Но пули были самыми что ни на есть настоящими.
– Ложись! – скомандовал братан и присел, прикрыв руками голову.
Я слепо последовал его примеру. То же самое сделал и Юра. Мы застыли в позе буддистских обезьянок ("Не вижу, не слышу, не скажу"), надеясь, что и на этот раз нас пронесет Однако команда "стеклянного" старика не унималась. "Городские" вновь появились из-за бугра, на этот раз они передвигались, рассыпавшись цепью. Сам же полководец остался на взгорке и отрывисто отдавал стрелкам лающие, нечленораздельные команды. Чувствовалось, что он эти места и с закрытым единственным глазом знает. Может, воевал когда-то тут и теперь, влекомый ностальгией, устраивает бои с воображаемыми гитлеровцами. Так сказать, в полный рост.
Темп стрельбы нарастал. У моих ног вонзилась в землю щепка, отколотая пулей с дерева. Вмиг я осознал, что жизнь дается человеку только один раз и, как правило, в самый неподходящий момент.
– Геть отсюдова! Геть! – прокричал Петрович из-за куста, под которым он застыл грибком. – Уходим, мать твою!
Не скажу, чтобы наш отход на заранее подготовленные позиции был организованным.
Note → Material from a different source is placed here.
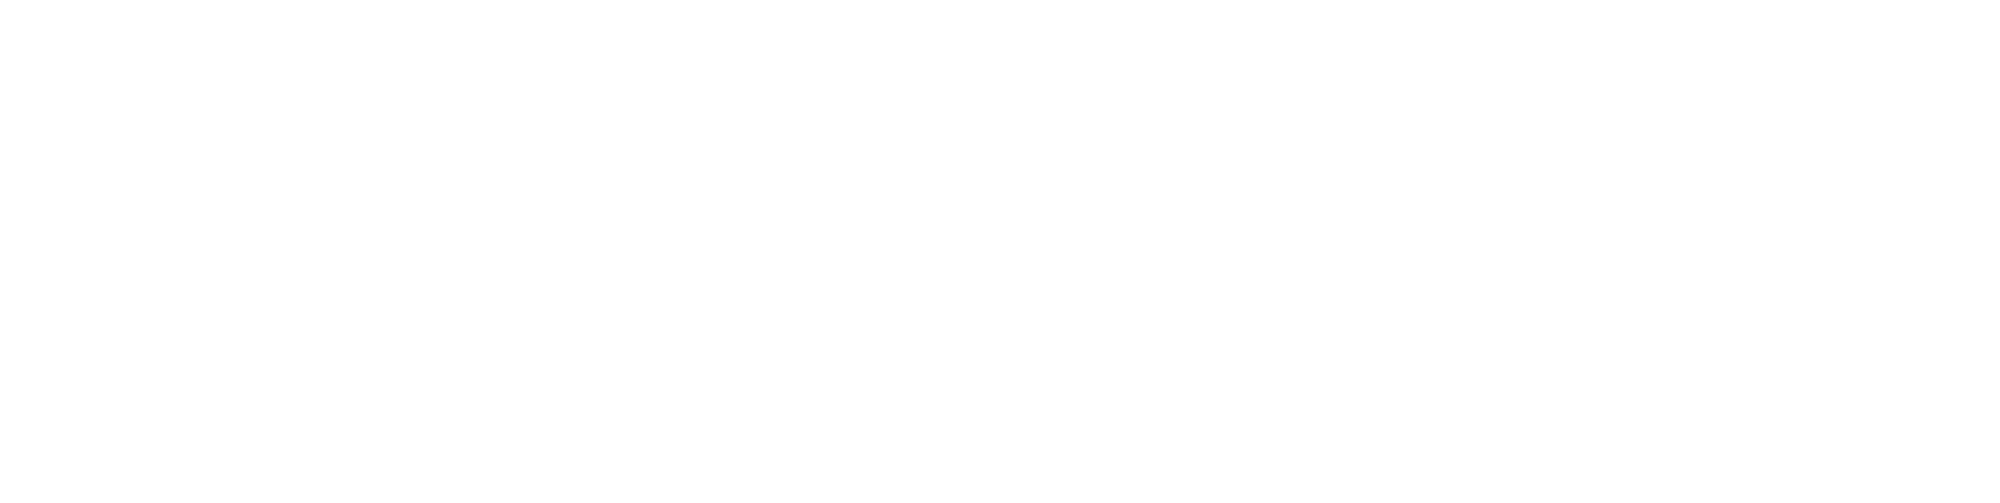 The Accommodation Bureau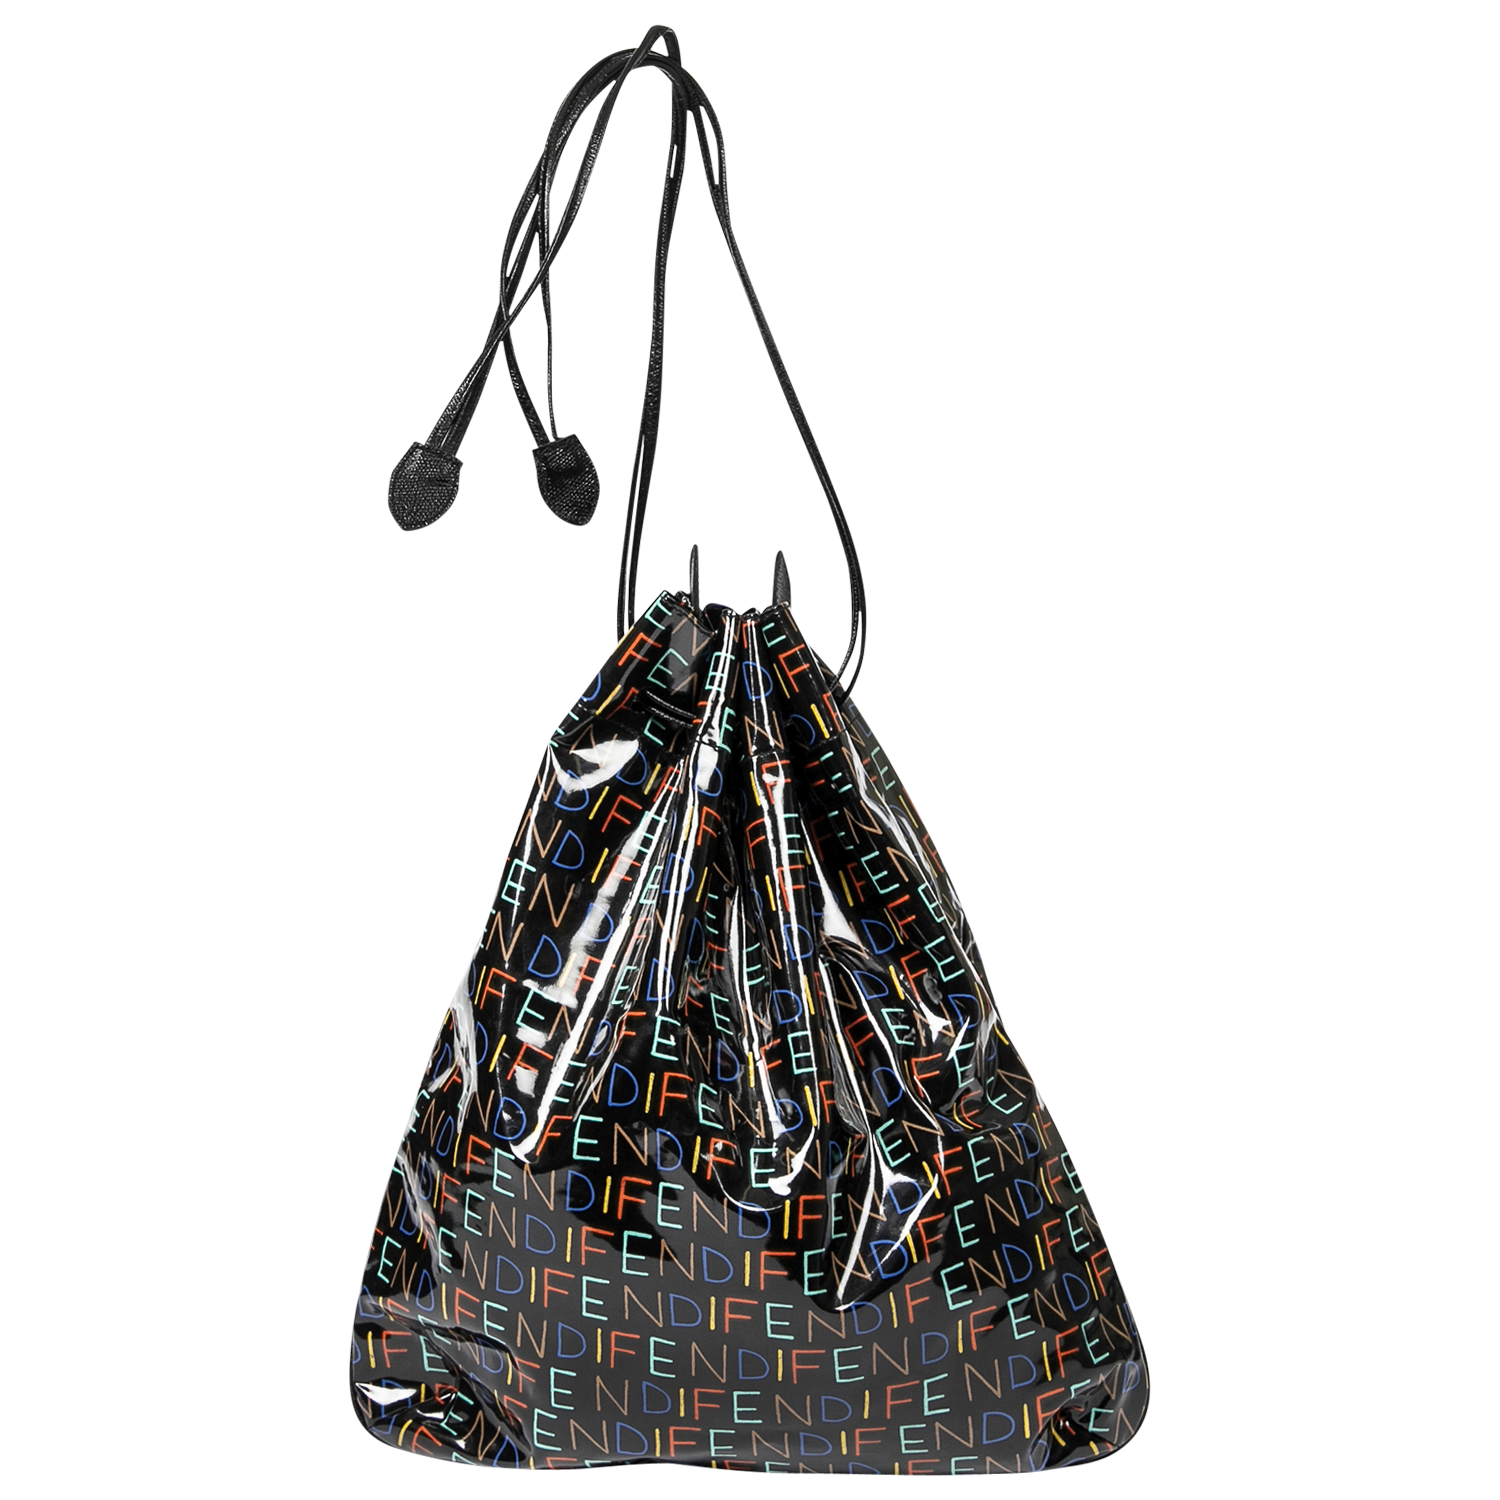 Fendi Multicolor Drawstring Bag

Толкая друг друга в спины и пониже, мы – кто на четвереньках, а кто и ползком – добрались до Петровича, за которым была низинка, и, вжав головы в плечи, добежали гусаками до оврага.
– Что это было, Петрович? – переведя дыхание, спросил запыхавшийся Толян.
– Аркадий Николаевич всегда так охотятся, – потупив глаза, грустно констатировал егерь. – Очень уважаемый там человек, вот и чудит… – Говоря "там", он многозначительно указал большим сучковатым пальцем правой руки куда-то вверх. – Это еще что! А вот давеча у нас с ним та-а-кое было!..
Дослушать его нам не пришлось. На тропинке показался посвежевший Серега, все это время, несмотря на бедлам со стрельбой, благополучно проспавший в машине:
– Погнали туда! Мужики сохатого завалили!..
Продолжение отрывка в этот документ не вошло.